My tank's pH has consistently measured in at about 7.6 (using Toronto tap water). If I want to get some pretty schooling beginner fish (i.e. kyathit danios, harlequin rasboras, etc), how important is it that the pH not go above their comfort range? I also notice that different sites report different pH limits, which could either be interpreted as the limit not mattering that much, or as anything near the limit being meh, regardless of the exact limit. Should I endeavor to lower my pH (maybe by adding an air pump?) if I want these fish, or will they be perfectly happy in 7.6 if I acclimate them slowly after bringing them home?


----------



## BillD (Jun 5, 2006)

For the most part, pH is of little consequence, in my opinion. The thing that usually causes problems with so called pH shock isn't the pH but rather differences in TDS, total dissolved solids. In general terms acidy water tends to be soft, alkaline water tends to be harder. Sudden changes in the TDS can cause osmotic shock, which many believe is the real culprit, when pH shock is blamed.
So, you can question why this isn't a problem in nature when torrential rains raise water level by three or four times their normal levels. It happens in areas of Costa Rica several times a year, and the fish survive. You would think the sudden large change in both pH and TDS would have a detrimental effect. The fish seem to survive. From this, one might surmise that the fish in these are more adaptable than some. Regardless, in an aquarium, you need to use the water available to you. You can use it as is or you can play water chemist. Most of us use it as is, and the water from Lake Ontario is suitable for most species we keep, as is, because it isn't particularly hard, while still having some buffering capabilities. 
The other consideration is that most of the fish we buy are tank bred, and often come from water much different than their native waters.Many of the "soft water" fish we keep, readily breed in tap water. That tells me they are thriving.


----------



## solarz (Aug 31, 2010)

alphaparrot said:


> My 20g is almost cycled, so I'm researching fish. I've noticed that a lot of the standard beginner fish (various danios, rasboras, tetras, etc) have wide pH ranges they're comfortable in, but typically only up to 7.5 (with some only up to 7.0). I know that stability of pH tends to matter more than the pH itself, but I assume this is true _within the fish's comfort zone_.
> 
> My tank's pH has consistently measured in at about 7.6 (using Toronto tap water). If I want to get some pretty schooling beginner fish (i.e. kyathit danios, harlequin rasboras, etc), how important is it that the pH not go above their comfort range? I also notice that different sites report different pH limits, which could either be interpreted as the limit not mattering that much, or as anything near the limit being meh, regardless of the exact limit. Should I endeavor to lower my pH (maybe by adding an air pump?) if I want these fish, or will they be perfectly happy in 7.6 if I acclimate them slowly after bringing them home?

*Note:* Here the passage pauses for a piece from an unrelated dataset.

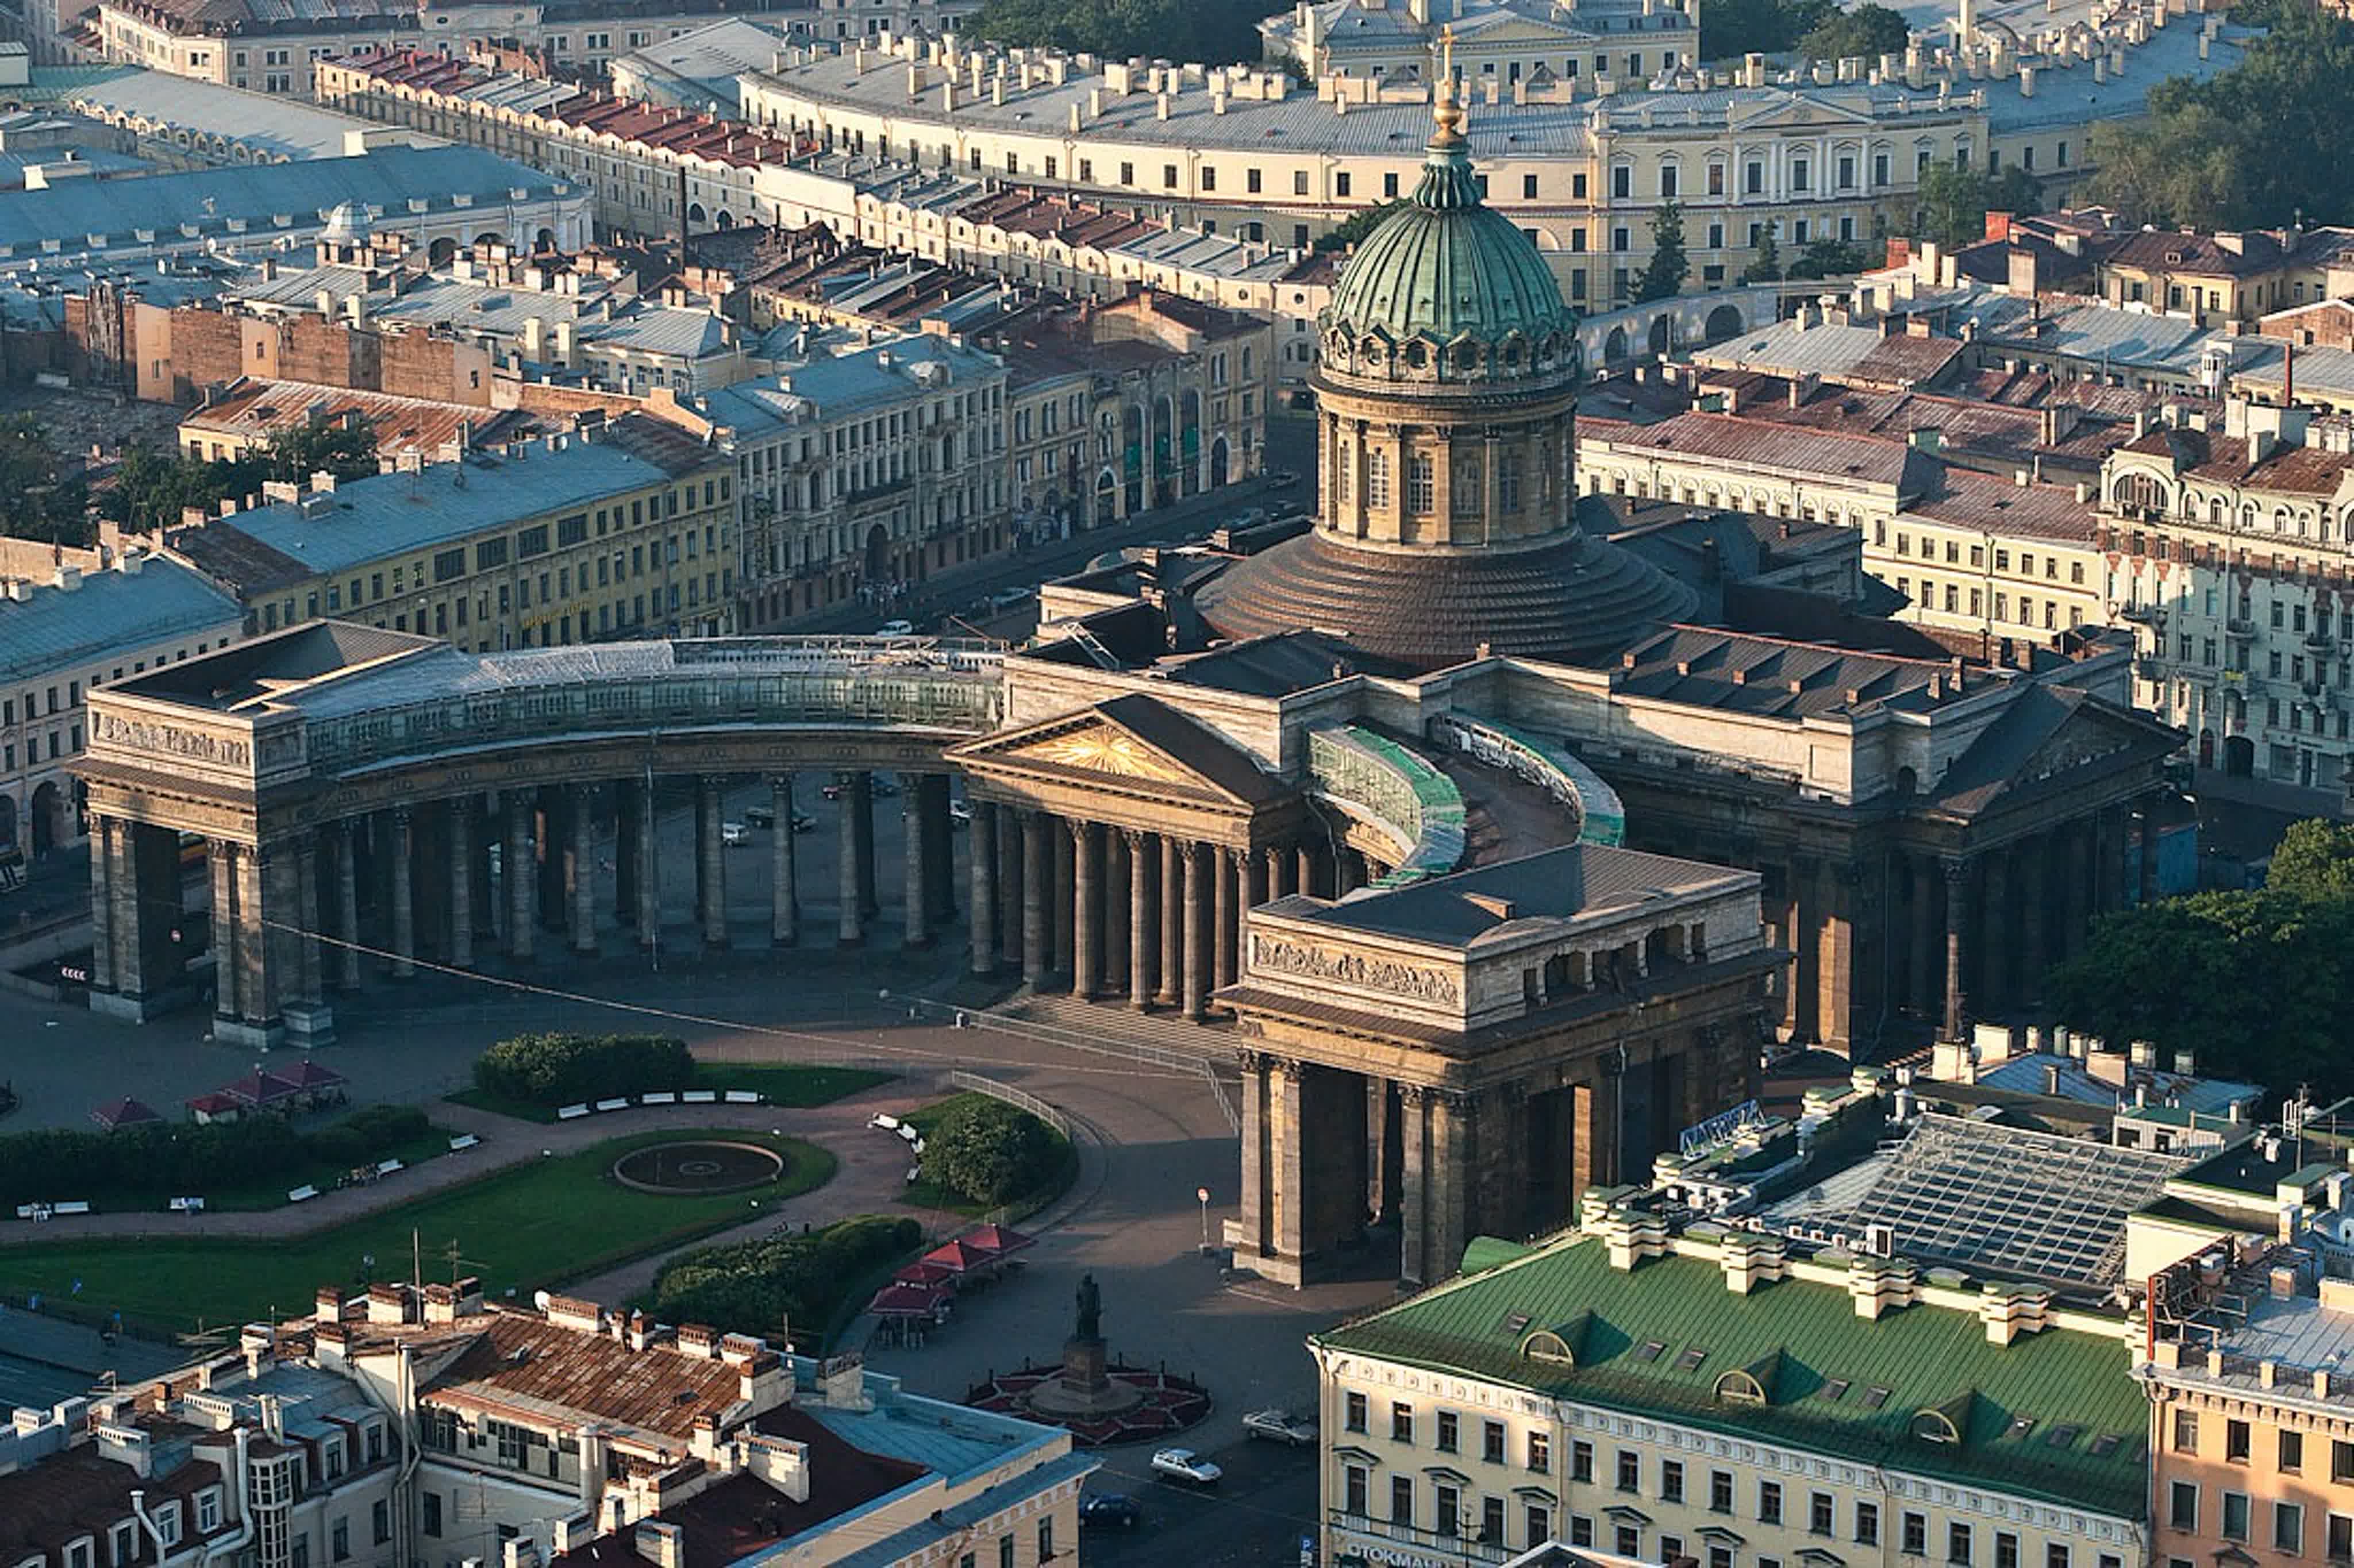 площадь казанского собора

I agree with BillD, pH is of little consequence.

There's a lot of misinformation out there, IMO. When I first got interested in Cardinal Tetras, I agonized over pH as well. Turned out I needn't have bothered. The cardinals did just fine over 2-3 years in my pH 8 tank water.

PH is just an indicator, and an unreliable one at that. Most "pH-sensitive" fish are actually just sensitive to the hardness of the water. For example, CO2 will reduce the PH of water without affecting its hardness. The PH swing does not affect fish at all.


----------



## alphaparrot (Nov 28, 2017)

Got it, thanks! That makes sense, and it's a relief to hear I don't need to play with my water's pH for standard beginner fish.


----------